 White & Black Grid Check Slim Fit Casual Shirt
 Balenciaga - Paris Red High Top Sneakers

==

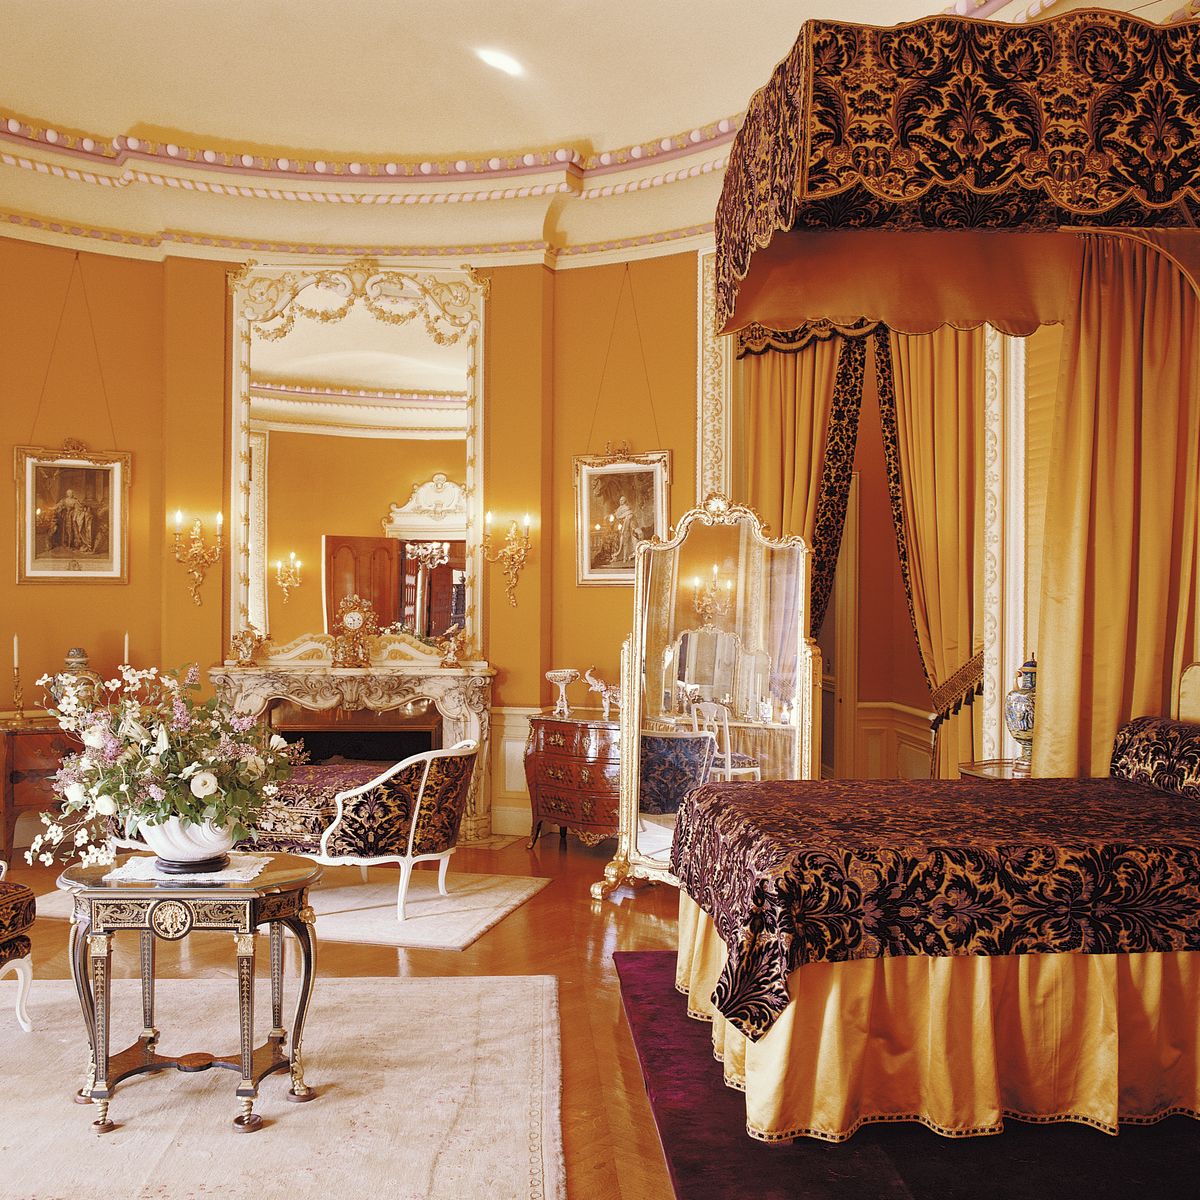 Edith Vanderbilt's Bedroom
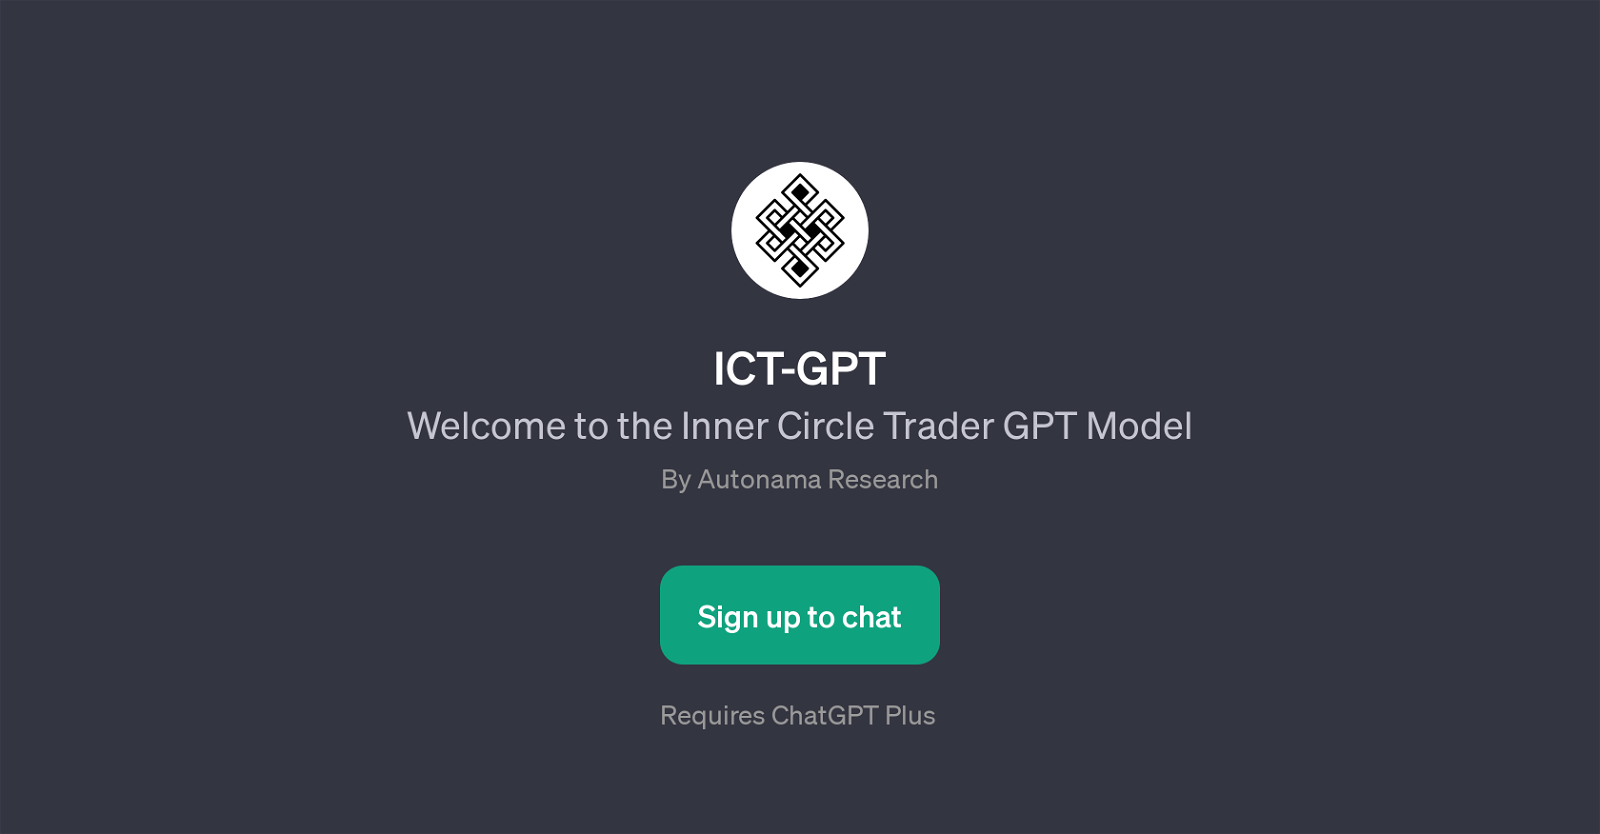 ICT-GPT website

**Task brief:** From the records above, retype only the lines starting at the line that contains "White & Black" and ending at the line that contains "Balenciaga - Paris Red High Top Sneakers", both included.

**Written response:**
 White & Black Grid Check Slim Fit Casual Shirt
 Balenciaga - Paris Red High Top Sneakers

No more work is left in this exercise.